AudioAccessory(オーディオアクセサリー) 112号「ピュア・オーディオとは?」

ピュア・オーディオが斜陽になっている。オーディオマニアのイメージがジメジメして、しかも理屈っぽい「根暗系オタク」の代表になりつつある。ピュア・オーディオをより深く音楽を聴く手段とする「正統派オーディオファン」のお客様の心情を察すれば、この状況は断腸の思いに絶えない。
オーディオを堕落させた一番の原因は「軽薄なオーディオの論評」であり「メーカーの販売戦略と深く結びついた業界の薄っぺらな見識にあるのは間違いなく、インターネットに巣食う「えせ評論家気取りのマニア」がそのばかげた風潮を増長させ「音楽ファン」を更に遠ざけているのは想像に難くない。
機器を買い換えたり、オーディオアクセサリーを利用すれば、確かに「音は変わる」。しかし、オーディオの目的は「音を買える」ことではなく、「音楽をより良く(深く)再現する」ことだ。だからこそ「論理」ではなく「感覚」で音を聴かねばならない。音楽を楽しめるか否か?音楽が感動的に聴こえるか否か?それが第一の判断基準であり、高域がどうとか、低域がどうとか、あるいはテクノロジーがどうとか・・・音楽を聴くために必要のない言葉を使ってオーディオを論評すべきではないし、そんな言葉で言い尽くせないのがオーディオの本質であるはずだ。

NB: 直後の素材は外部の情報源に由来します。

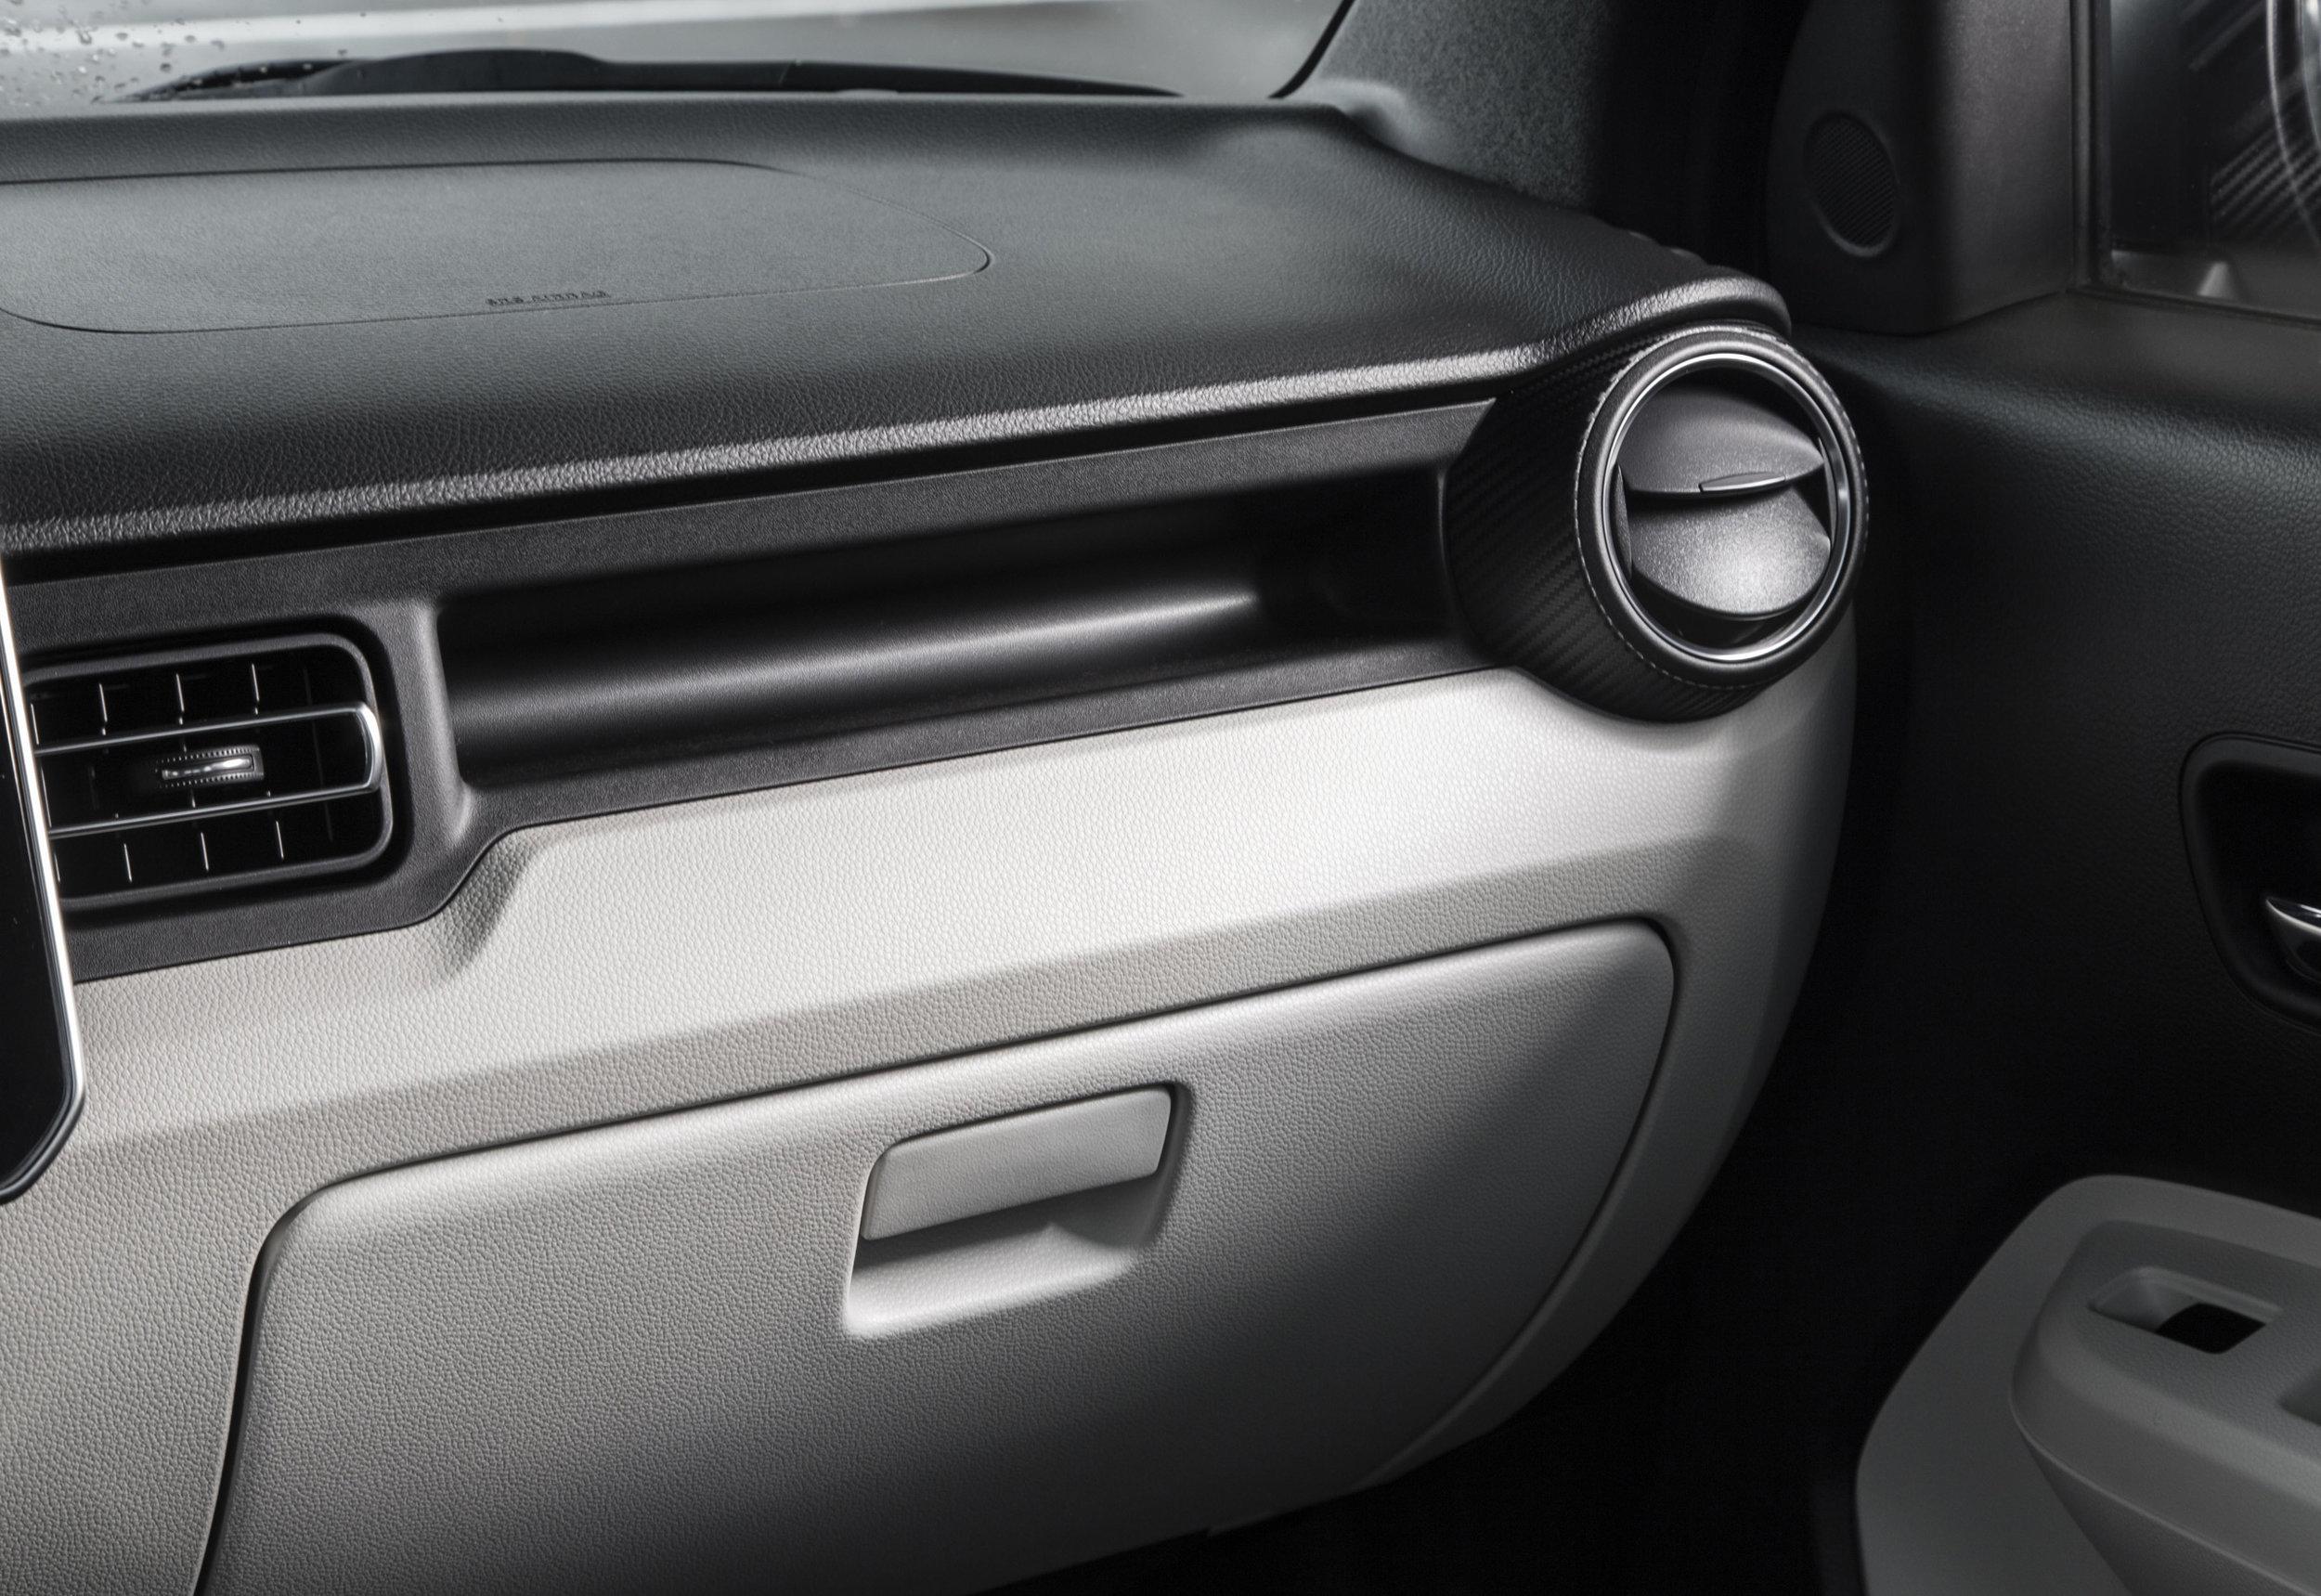 Interior---Dash_Glove-Box.jpg

人間の思念を深く時間が昇華させた「音の芸術」は、いうまでもなく「オーディオ技術など」よりも深く高度で「音楽」は、決して「薄っぺらな機械マニア」のおもちゃではない。「音の中に音楽」の片鱗すら聴き出せない者に「オーディオ(音)」を語る資格はなく「好きな音楽の話ができない」・「音楽の好みが著しく偏っている」・「機械以外には興味が持てない」そんな人達の言う「オーディオの話」に耳を傾ける必要は断じてない。それは「ただの抜け殻になった音の話」であって「音楽の本質」とはまるで無関係なのだから。
もちろん「すべてのオーディオファン」に疑問を投げかけているのではない。一部の「偏った人達」が発信する「歪んだ情報」が「ピュアオーディオのすべてではない」とお気づき頂きたいと強く願う。ピュア・オーディオという趣味は、そんなに浅くないし、長く付き合えば「一生の友」とできるほど高尚なものなのだから。